Using the same sixteen-category method:
D, C, B, A
H, G, F, E
L, K, J, I
P, O, N, M
Initially, the categories are reset to correspond with the numeric constituencies:
A-B-F-E is taken to be one category box (quadra diagram), say CC: [1.1] Purity, [1.2] Simplicity, [2.2] Reduction, [2.1] Nothing.
C-D-H-G is taken to be one quadra, say [1.3] Complexity, [1.4] Chaos, [2.4] Paradigmatics, [2.3] Usefulness.
K-L-P-O is taken to be one quadra, say [3.3] Perfection, [3.4] Order, [4.4] Architecture, [4.3] Justice.
I-J-N-M is taken to be a final quadra, say [3.1] Construction, [3.2] Ugliness, [4.2] Injustice, [4.1] Destruction.

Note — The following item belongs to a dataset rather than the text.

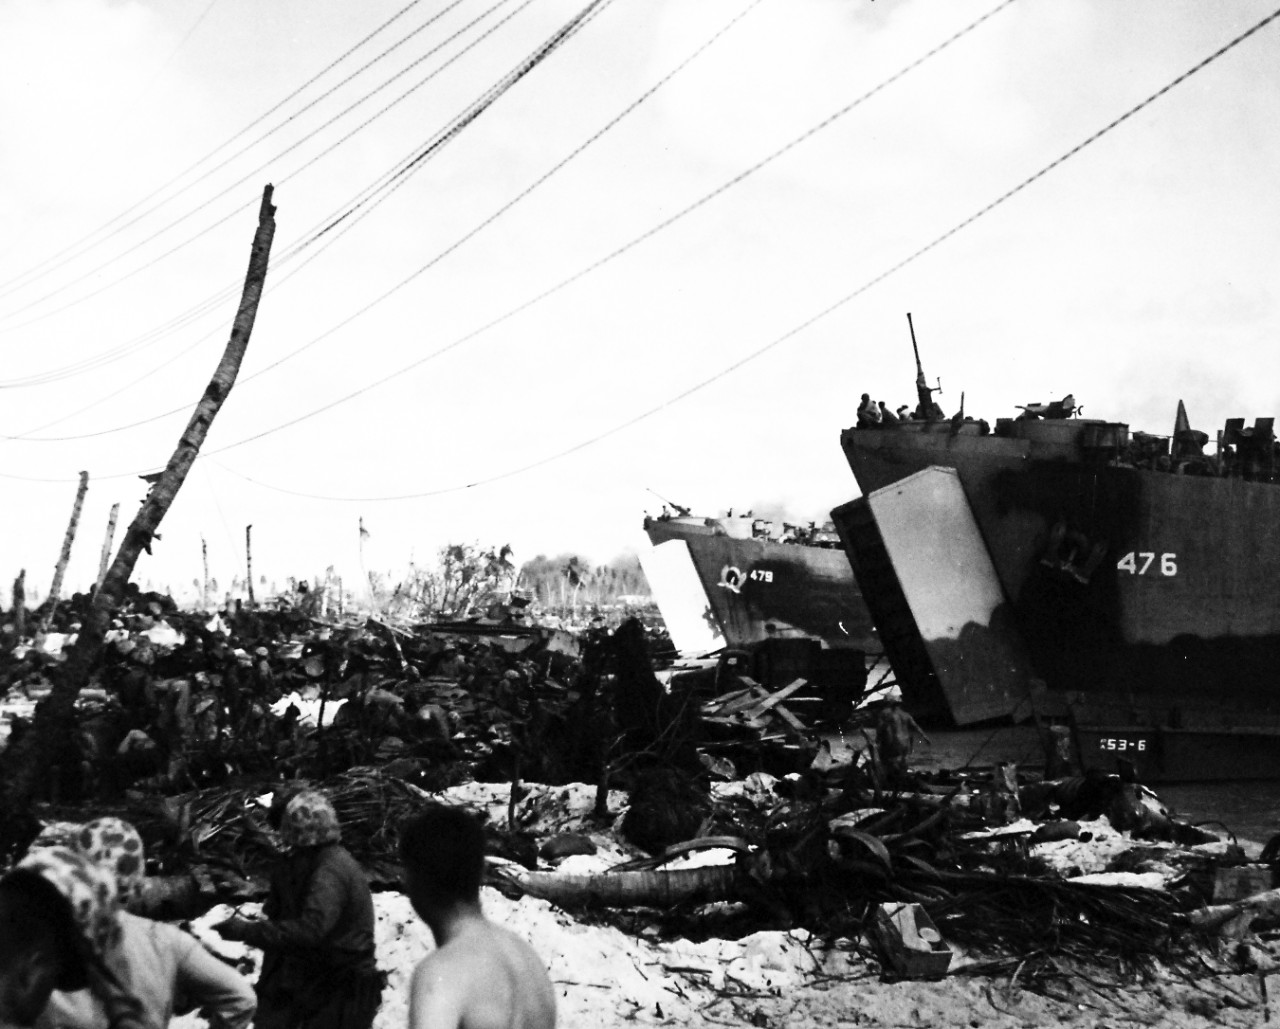 80-G-54417: Operation Flintlock, January-February 1944.    USS LST 476 and USS LST 479 emit a stream of mean and material at Roi Island in the Marshall Islands.  The island is a mass of wreckage from the terrific bombardment loosed by the U.S. Navy as a prelude to the landing.   Photograph released March 7, 1944.  Official U.S. Navy photograph, now in the collections of the National Archives.  (2016/06/28).

Here are the results for the four either-or comparisons:
QUADRA 1
Simple purity is reduced to nothing, or
Nothing pure is reduced to simplicity
QUADRA 2
Chaotic complexity has paradigmatic usefulness, or
Useful complexity is paradigmatic chaos
QUADRA 3
Perfect order is the justice of architecture, or
Perfect justice is the architecture of order
QUADRA 4
Constructed ugliness is injustly destroyed, or
Constructed destruction is an ugly injustice
Now, I use the same balanced method, in which 1 must be abverse of 3, and 2 must be abverse of 4. This time, however, the result is more balanced in terms of the macro-level oppositeness:
A. Simple purity is reduced to nothing so that perfect justice is the architecture of order, when chaotic complexity has paradigmatic usefulness so that constructed destruction is an ugly injustice
B. Simple purity is reduced to nothing so that perfect justice is the architecture of order, when useful complexity is paradigmatic chaos so that constructed ugliness is injustly destroyed
C. Nothing pure is reduced to simplicity so that perfect order is the justice of architecture, when chaotic complexity has paradigmatic usefulness so that constructed destruction is an ugly injustice
D. Nothing pure is reduced to simplicity so that perfect order is the justice of architecture, when useful complexity is paradigmatic chaos so that constructed ugliness is injustly destroyed
Remember that, miraculously, sixteen categories have been reduced to four. There are two primary methods for interpreting the validity of the aphorisms. One is the value method, and the other is the equivalency method. In the value method, it is assumed or determined that one or another end has an advantage in defending a particular set of principles, typically the principles laid out by that description (say, A .or D.). The categories can be re-arranged by cycling them in the same linear positions, if a different value system is desired. The second method, equivalency, involves comparing the aphorisms for differential values. The equivalent sectors are accepted as the standard for comparing the two aphorisms, and the remaining descriptions are used as the primary character of judgment. Axioms can be used of the form that 'the terms differ by the degrees of separation' [in which D. is 1-degree different from A. and 2-degrees different from B.]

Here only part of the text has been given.